Welcome to the Rho Parabix Repository
Working on csv2json Enhancement.
Contents
User Stories
-
As a data engineer I want to be able to specify which delimiters to use when coding, so that I can save data in different formats
-
As a CS student I have no time to study or do work so I need this program to help me finish my assignments quicker.
-
As a data engineer I want to make regex requirements for the inputs, so that I don’t have to waste precious time hunting down typos.
-
As a data engineer I deal with a lot of different types of data types, like integers, floats, and booleans. It would be very convenient if the input data was automatically formatted to their respective data types in the JSON file.
-
As a novice in CS I might forget to name a header field in my data set, I’d like the option to catch any simple errors and to fix them.
-
As a data analyst I want to be able to format my output data in specific ways so that it’s easier to read and analyze.
-
As a data analyst, I would like a quick way to replace a data value that I entered multiple times with another value.
TDD Examples
Scenario 1
Users can use semicolons to denote separate objects.
Scenario 2
The program automatically verifies that the number of header fields match the number of csv fields.
Scenario 3
Users can restrict the date format to [1-2][0-9]{3}-[0-1][0-9]-[0-3][0-9] to catch some typos.
Scenario 4
Instead of numbers from the csv file being converted into strings, numbers would be converted into integers.
Scenario 5
If there are more csv fields to header fields, give the option to name the extra csv field.
Scenario 6
The program can separate different objects into separate lines.
Scenario 7
the program will find occurrences of the original value, replace it with the new value given by the user, and return the number of times the value was replaced.
Executable Test Cases
Outputs are from the Terminal.
Scenario 1
scenario1.csv:
date;county;state;fips;cases;deaths
2020-01-21;Snohomish;Washington;53061;1;0
Command: ./csv2json scenario1.csv del “;”
Output:
{"date":"2020-01-21","county":"Snohomish","state":"Washington","fips":"53061","cases":"1","deaths","0"}
Scenario 2
scenario2.csv:
date,county,state,fips,cases,deaths
2020-01-21,Snohomish,Washington,53061,1,0
Command: ./csv2json scenario2.csv -h
Output:
Number of fields do not match
Scenario 3
scenario3.csv:
date,county,state,fips,cases,deaths
3020-21-91,Snohomish,Washington,53061,1,0
Command: ./csv2json scenario3.csv -c date:[1-2][0-9]{3}-[0-1][0-9]-[0-3][0-9]
Output:
Invalid “date” format
Scenario 4
scenario4.csv:
name, usernum, employed
“Bryan”, “1”, “true”
Command: ./csv2json scenario4.csv -f
Output:
[{“name”: “Bryan”, usernum: 1, employed: true}]
Scenario 5
scenario5.csv:
name, usernum, employed,
“Bryan”, “1”, “true”, “Simon Fraser University”

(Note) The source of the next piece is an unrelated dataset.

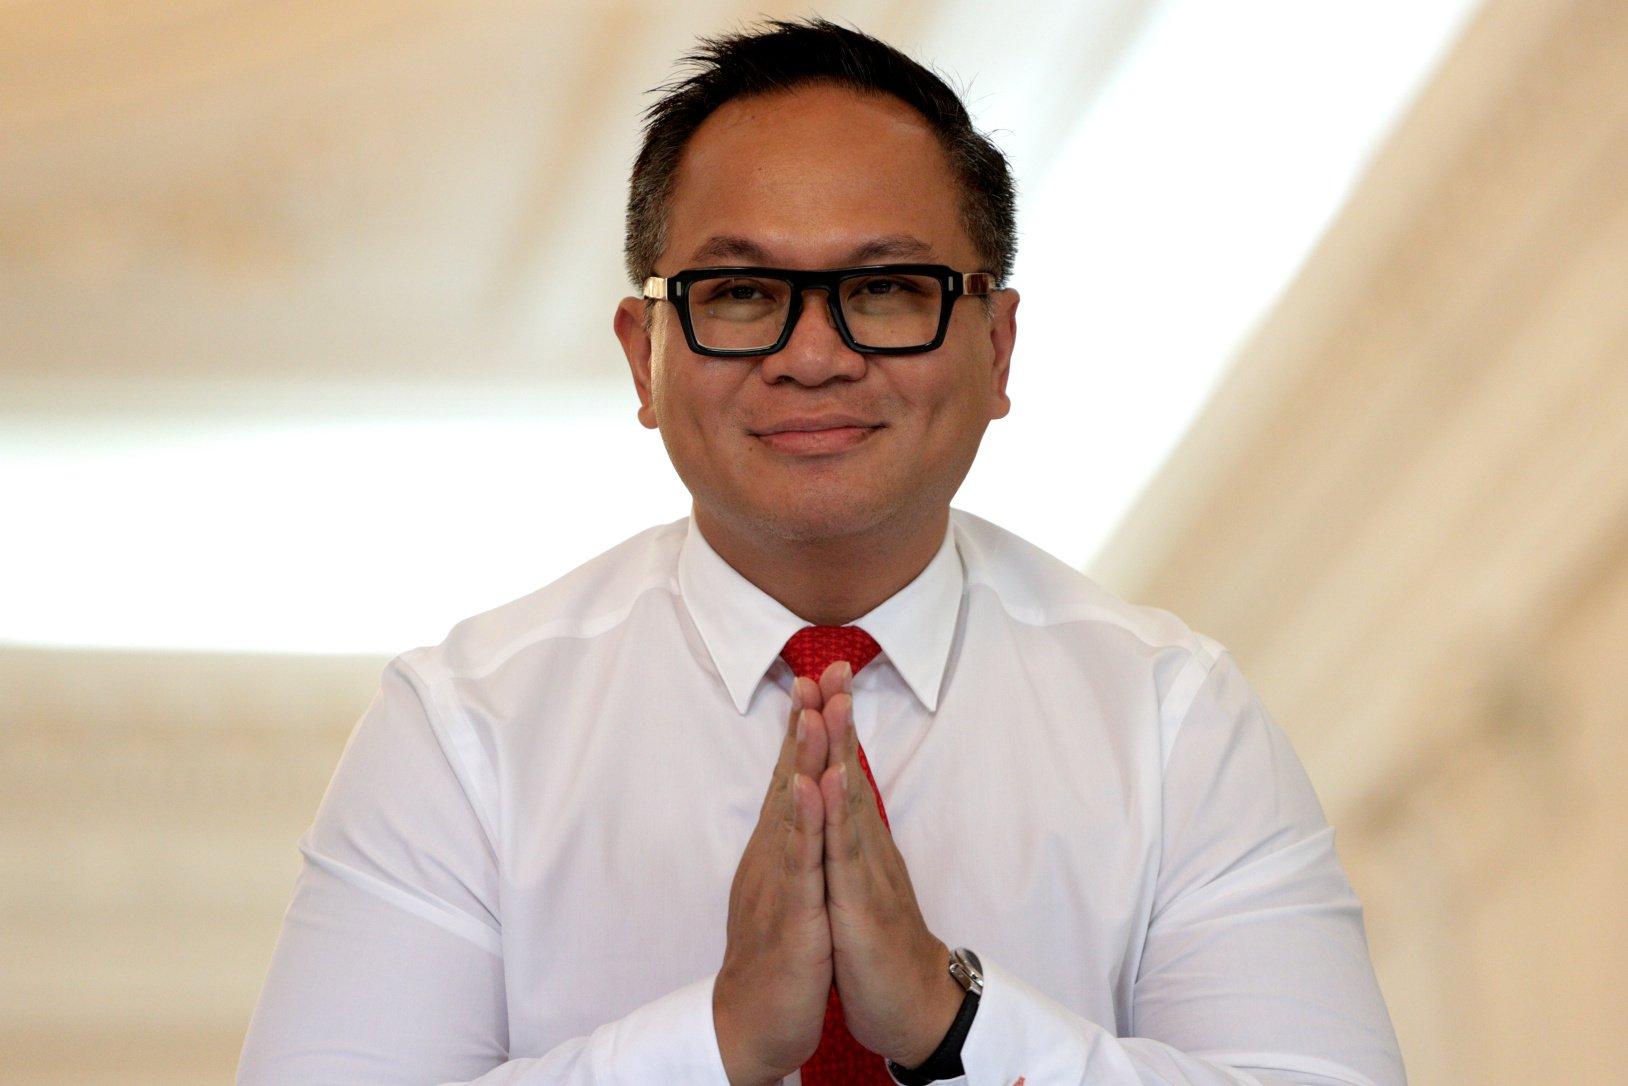 Wakil Menteri BUMN Kartika Wirjoatmodjo, usai bertemu Presiden Joko Widodo di Kompleks Istana Kepresidenan, Jakarta, Jumat (25/10/2019). Kartika yang menjabat Direktur Bank Mandiri ini, memiliki karier yang cemerlang di sektor keuangan. Kartika pernah menuntaskan divestasi Bank Mutiara ketika ia menjabat sebagai kepala eksekutif Lembaga Penjamin Simpanan (LPS) pada 2014.

Command: ./csv2json scenario5.csv -hf
Output:
Data field is missing header name
Please name the data field:
Scenario 6
scenario6.csv:
date,county,state,fips,cases,deaths
2020-01-21,Snohomish,Washington,53061,1,0
Command: ./csv2json scenario6.csv -sl
Output:
"Date":"2020-01-21"
"county":"Snohomish"
"state":"Washington"
"Fips":"53061"
"cases":"1"
"deaths":"0"
Scenario 7
scenario7.csv:
date,name,favourite food,
2020-01-21,Mike,suop
Command: ./csv2json scenario7.csv -r [“suop” “soup”]
Output:
date,name,favourite food,
2020-01-21,Mike,soup
“suop” replaced with “soup” 1 time(s)